São profissões que carecem de muita formação profissional e só ao final de vários anos e muita formação e investimento é que se consegue ter profissionais competentes, eficientes e que trazem mais-valia às organizações.
Esta situação voltou agora “a florescer com a retoma da atividade, agravada por uma maior inconstância e disrupção na cadeia de abastecimento e pelo facto de as marcas tomarem cada vez mais decisões de última hora, procurando respostas cada vez rápidas”.
O dirigente associativo realça que “estas são profissões que carecem de muita formação profissional e só ao final de vários anos e muita formação e investimento é que se consegue ter profissionais competentes, eficientes e que trazem mais-valia às organizações”.
Por isso, sustenta, “a formação profissional deve continuar a ser valorizada e promovida” e “todos, incluindo o Governo e a comunicação social, devem fazer um esforço para valorizar a indústria e as suas profissões, de forma a atrair jovens profissionais, rejuvenescendo o setor e atraindo outras competências igualmente importantes e essenciais, por exemplo, para a transição climática e digital”.
“Importa dar a conhecer junto da sociedade, dos consumidores e das famílias, a inovação, I&D [Investigação & Desenvolvimento], tecnologia, criatividade que está presente todos os dias nas nossas empresas.
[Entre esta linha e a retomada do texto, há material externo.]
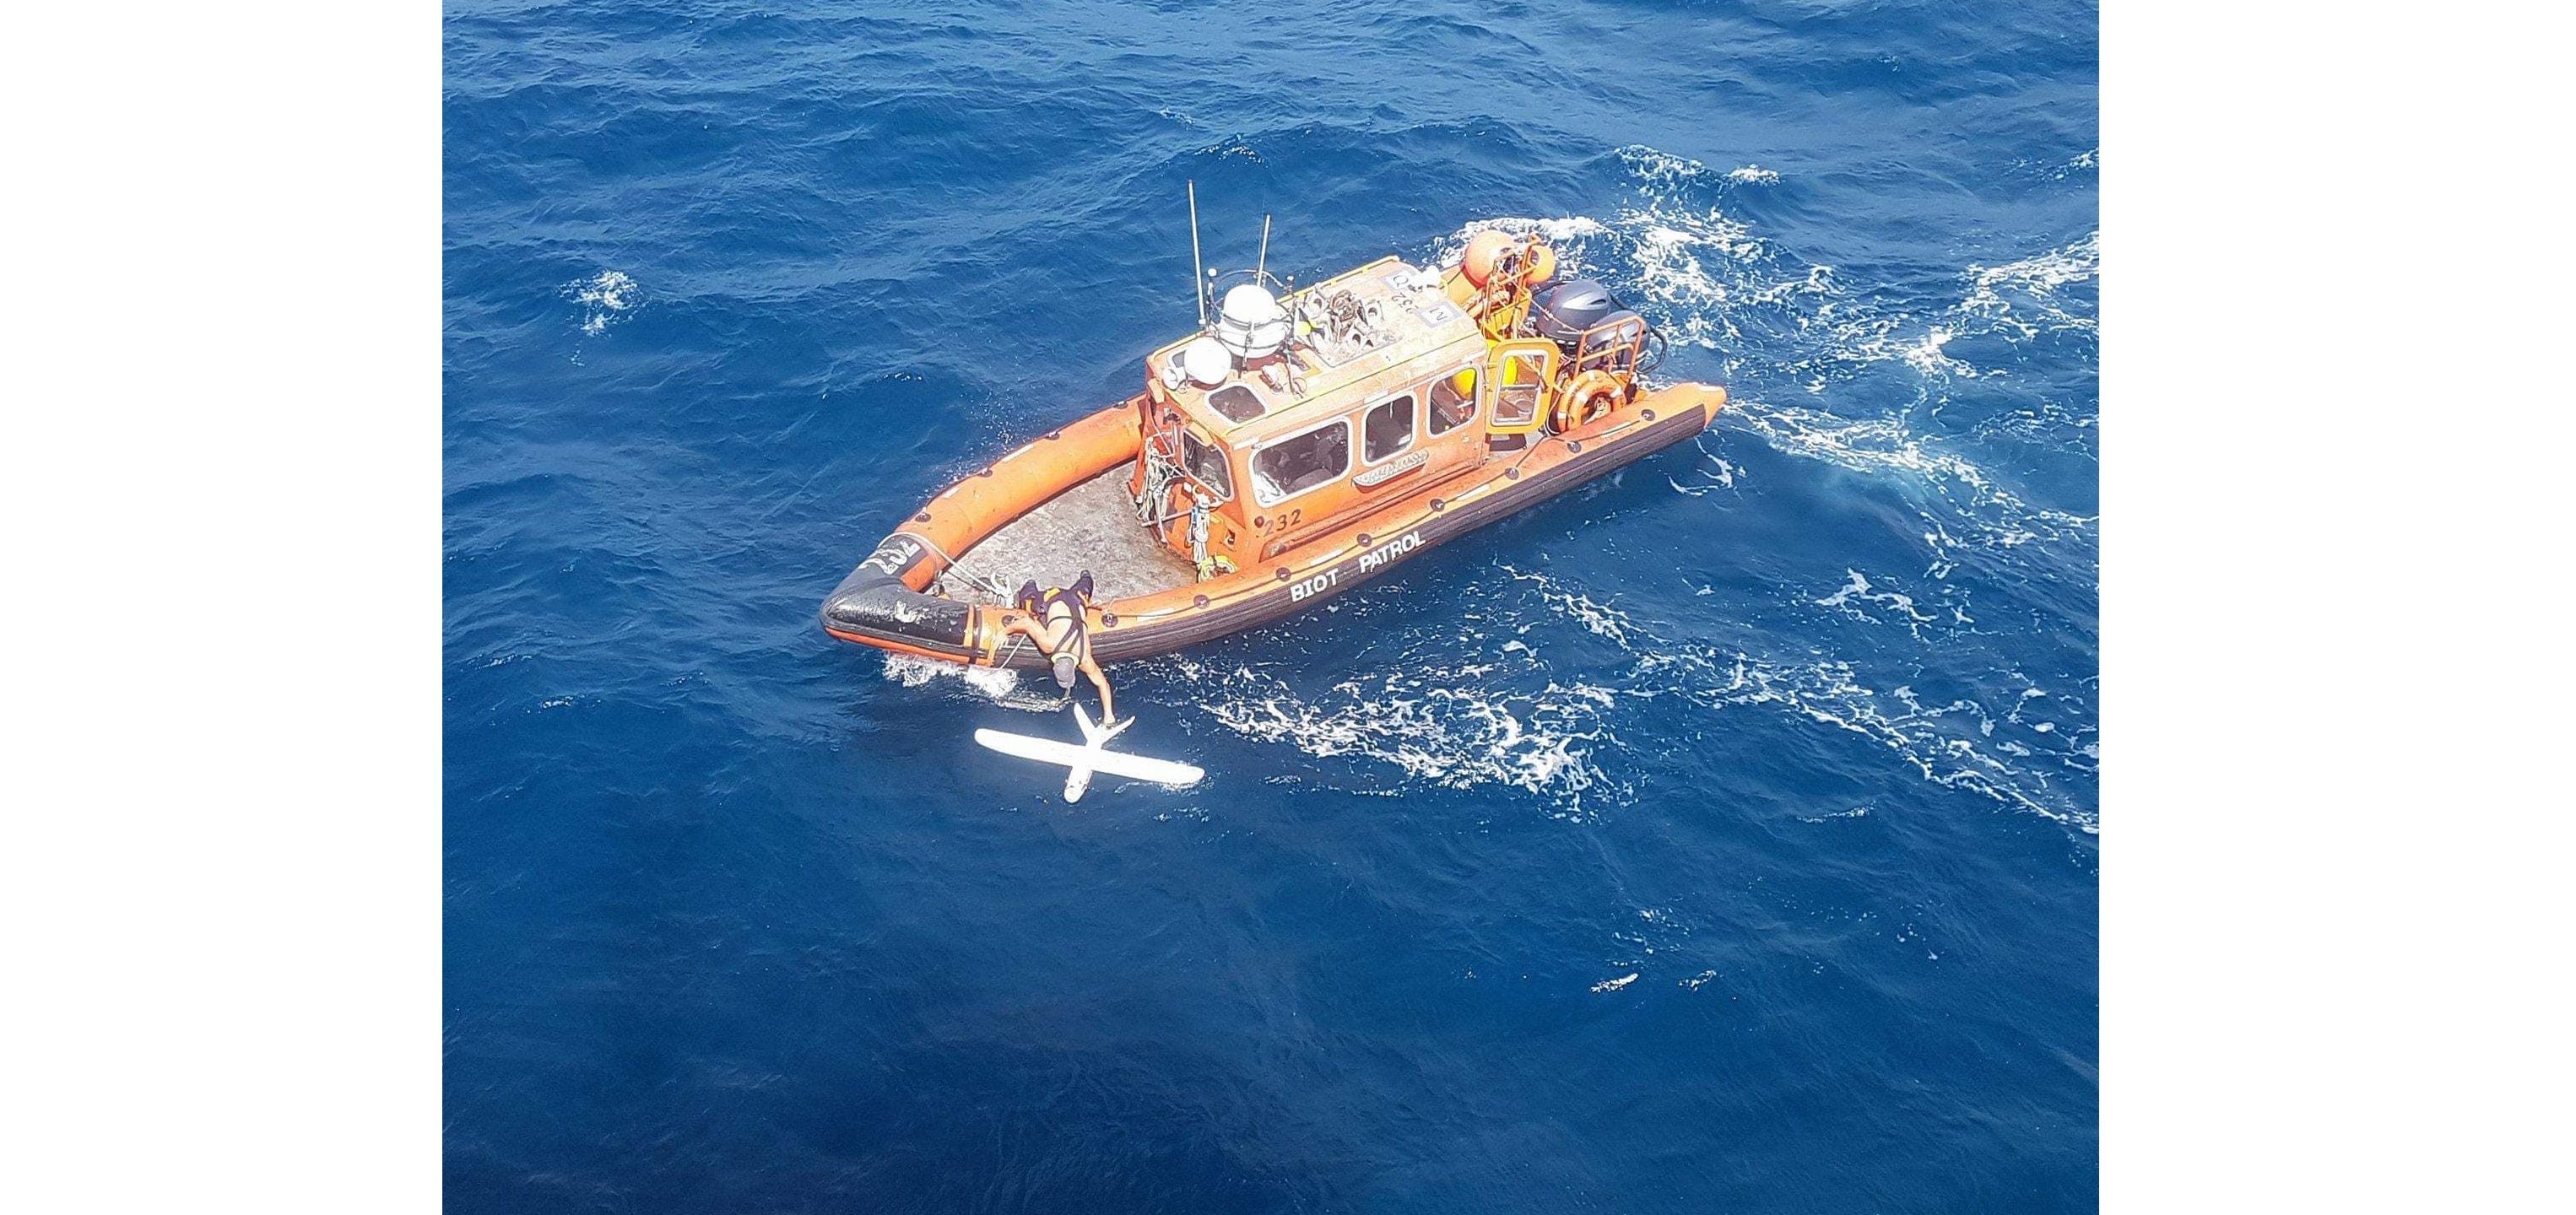 Patrol boat and drone in British Indian Ocean Territory


Temos empresas fantásticas a ganhar prémios de inovação e sustentabilidade, com excelentes práticas, por exemplo, ao nível da responsabilidade social e essa informação acaba por apenas ser disseminada num circuito muito fechado ou não ser conhecida de todo”, defende.
Mário Jorge Machado diz também que tem sido crescente no setor o recurso à contratação de mão-de-obra estrangeira, “cada vez mais disponível no mercado e com vontade de trabalhar e de fazer a formação necessária”.
Construção procura 70 mil trabalhadores
A escassez de recursos humanos é também, há vários anos, recorrentemente apontada como um “problema grave” no setor da construção, na sequência da saída para o estrangeiro de milhares de trabalhadores durante a última crise, e continua atualmente a condicionar o crescimento da atividade:
“Além do problema das matérias-primas, temos o problema grave da mão-de-obra e não sei qual deles é pior”, afirmou recentemente o presidente da Associação dos Industriais da Construção Civil e Obras Públicas (AICCOPN), em declarações à Lusa.
Salientando que “o setor precisa de 70 mil trabalhadores”, mas “neste momento não há mão-de-obra”, Manuel Reis Campos questiona o porquê de, segundo os dados oficiais, estarem registados no fundo de desemprego “32 mil trabalhadores da construção”. “Não se percebe porquê, mas é verdade”, lamenta.